Figure 1: Sex distribution of patient.


Figure 2: Age distribution of patients.


Figure 3: Distribution of patients.


Figure 4: Distribution of patients based on locality.

The post-intervention follow-up cases in the study group. Five (7.57%) required epidural device occlusion, one (1.51%) required PDA stent placement, one (1.51%) required pulmonary balloon valvuloplasty, and three required 3-day post-protocol medical attention in persistent pulmonary hypertension (PPHN).) (4.56%) cases were identified. Surgical techniques in follow-up cases. VSD closure and PDA ligation were performed in 2 cases (3.03%), TOF repair, PDA ligation, septal myomectomy, bidirectional grain shunt (BDG) for mitral atresia, and DORV in 1 each It was done in the example (1.51%). The immediate treatment plan was provided after the patient's echocardiogram. Medical treatment was offered to 11 patients (16.67%), 29 (43.93%) were transferred to observation, transcatheter treatment was planned in 8 (12.13%), and surgical intervention was performed in 9 (13.63%). was planned. Case. Eight patients (12.13%) were discharged because of normal echocardiogram or spontaneous resolution of uncomplicated disease. One patient (1.51%) was found to be inoperable (AP window).

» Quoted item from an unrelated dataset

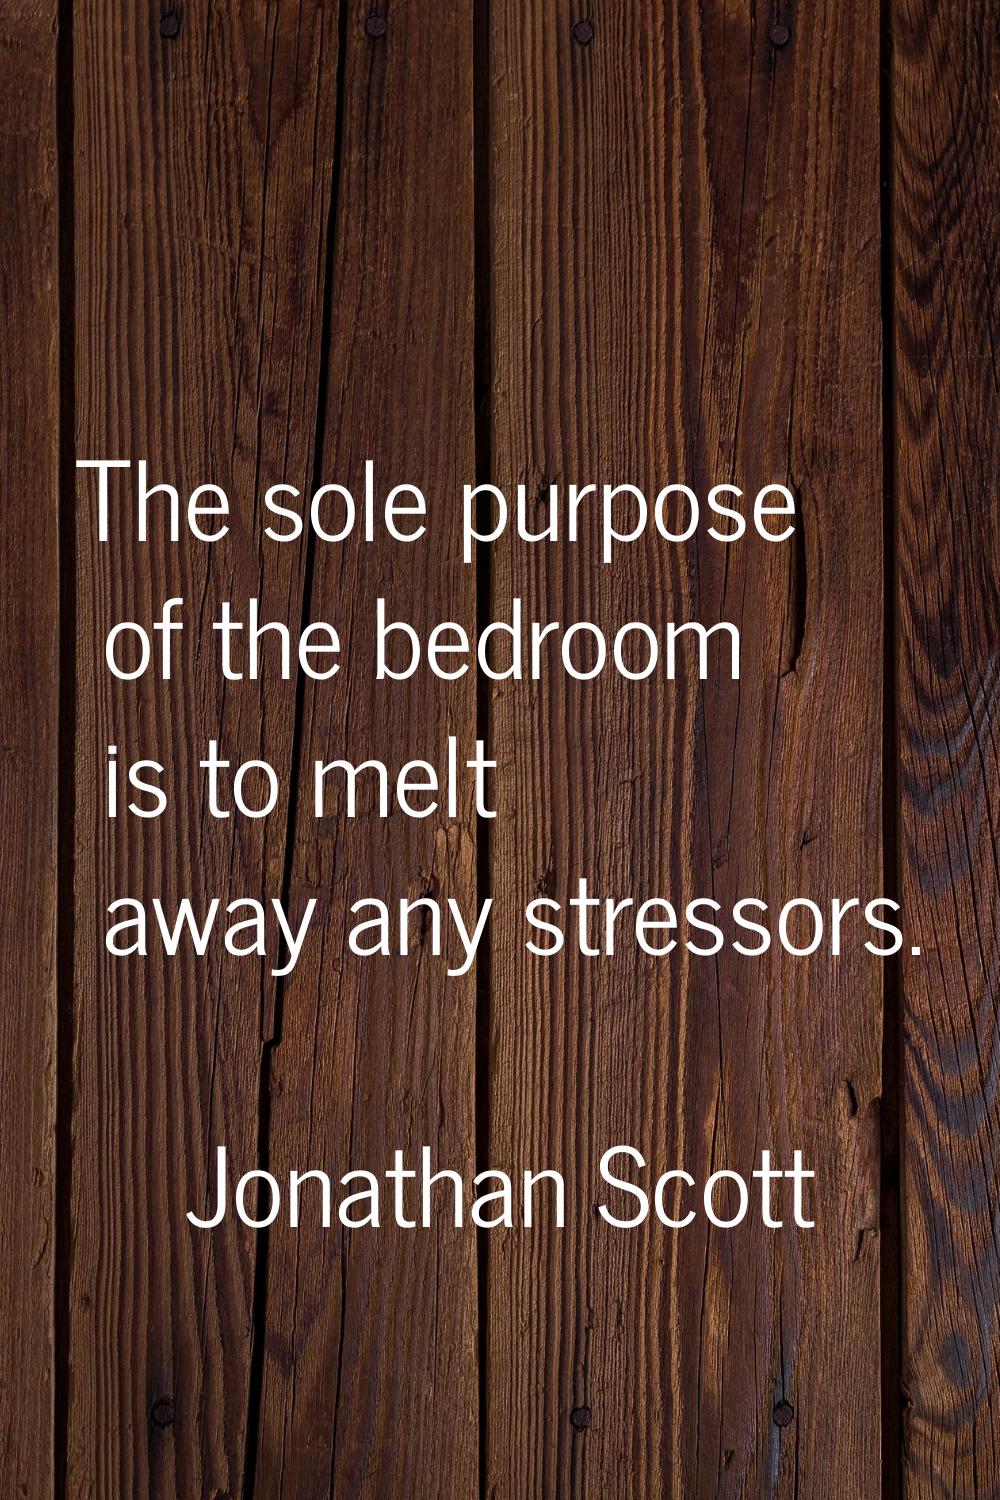 The sole purpose of the bedroom is to melt away any stressors.

Congenital heart disease is the most common congenital malformation and causes the highest morbidity. A study of the incidence of congenital heart disease in hospital live births in Bangladesh found it to be 25 per 1000 live births [4]. Studies have shown that 3.9 out of every 1,000 births in India suffer from coronary artery disease [1,6-8]. In Pakistan, the incidence is 4/1000 live births [9]. A global analysis of incidence studies showed a consensus of 8–10 per 1000 live births. In our study, the predominantly male sex was determined (Figure 1). This was also observed in other studies [1-4, 10].  Most cases in this study fall in the 1-month-old to 1-year-old group (Figure. 2). In other studies, in most cases, the first saw a doctor in the first year of life. Studies by Nazma et al., Burki et al., and Khalil et al. showed similar results [2,11-12]. About the pattern of disease, the most common disease was ASD (15.16%), followed by VSD (13.63%) and PDA (12.13%). In Bangladesh, ASD was found as the commonest cyanotic lesion in other studies also13. Among cyanotic heart diseases, TOF (3.03%) was the most common even on that single day which correlates with other studies in India, Pakistan, and other countries [1-2,4,13,14].

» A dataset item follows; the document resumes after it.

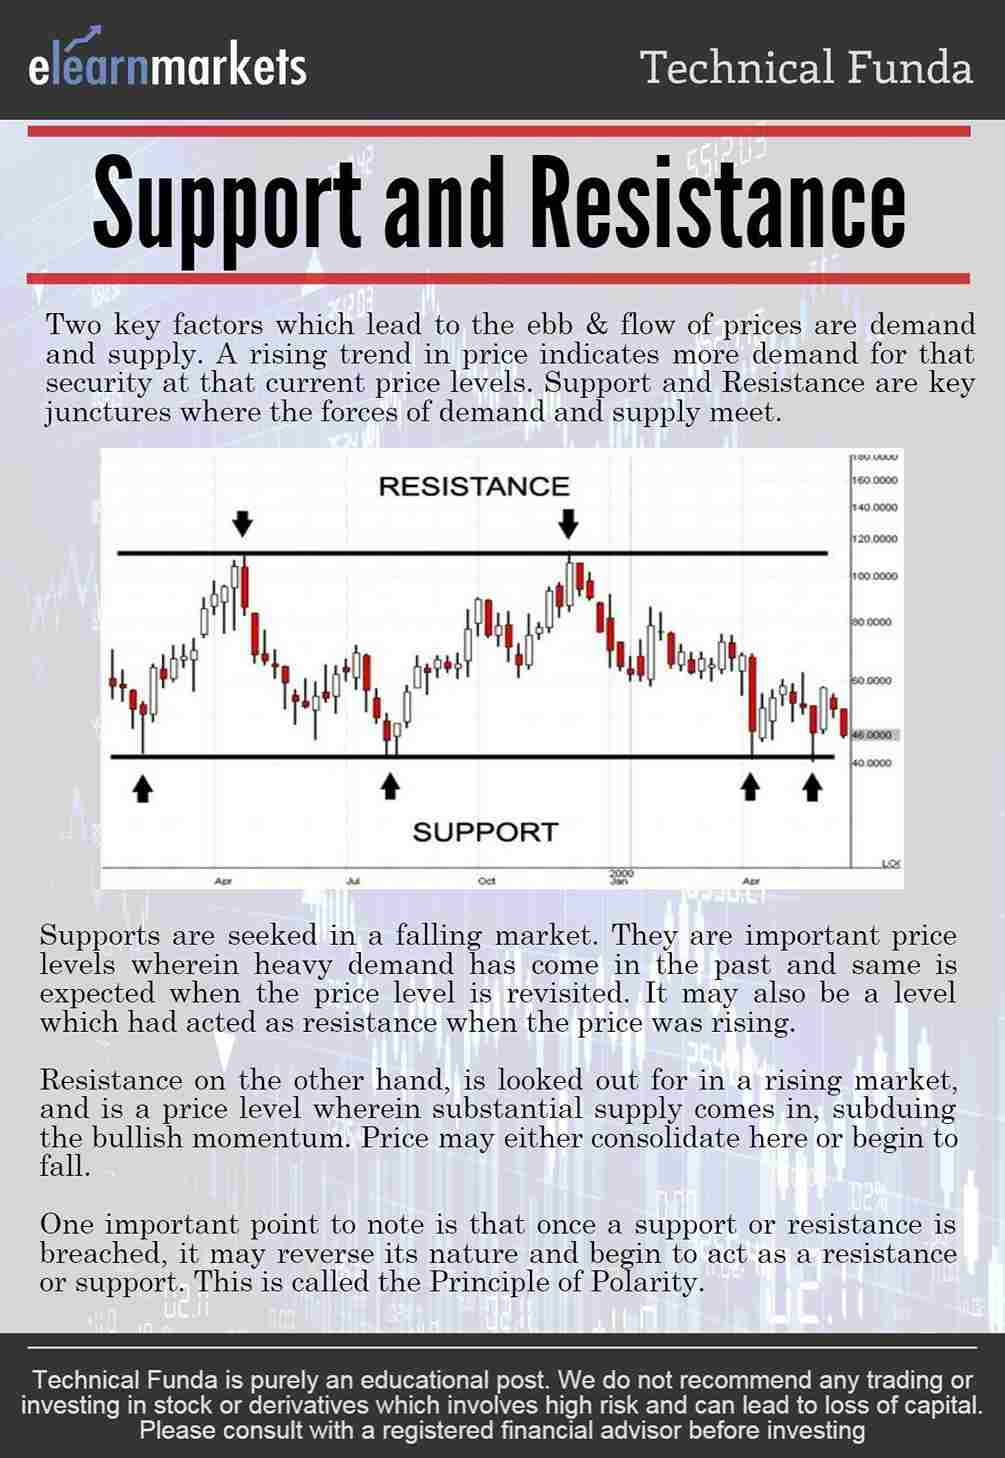 Support and Resistance levels

The most common combination lesion in this 1-day data analysis showed that VSD and PS were the most common combination (6.06%). A similar pattern has been found in other studies [14]. Down syndrome was found to be the most common syndrome in this study, which is consistent with other studies. Medical and catheterization procedures were performed in 10 cases (15.16%), and surgical procedures were performed in 6 cases (9.06%). Other studies have also shown that the current scenario favors intervention over surgery [14]. The reason is that most procedures now give good results and parents always prefer non-surgical procedures for their children. The management plan (VI) was determined according to the patient's specific disease requirements. Most cases, mainly neonates and young children were included in follow-up because simple lesions had time to heal spontaneously. Treatment was offered to patients with heart failure, pulmonary hypertension, and associated chest infections. Cases with previously uncomplicated CHD cured were released from follow-up. Surgical intervention was offered in some severe and complicated cases and suggested in viable cases.

CONCLUSION

The experience of a single day in a busy tertiary care hospital echocardiography laboratory mirrors scenarios observed in different countries over the years. Various cases representing the entire country reveal how cases are managed in a country like Bangladesh. Complex neonatal procedures are referred to neighboring countries, but all types of medical procedures and catheterizations are performed at our facility.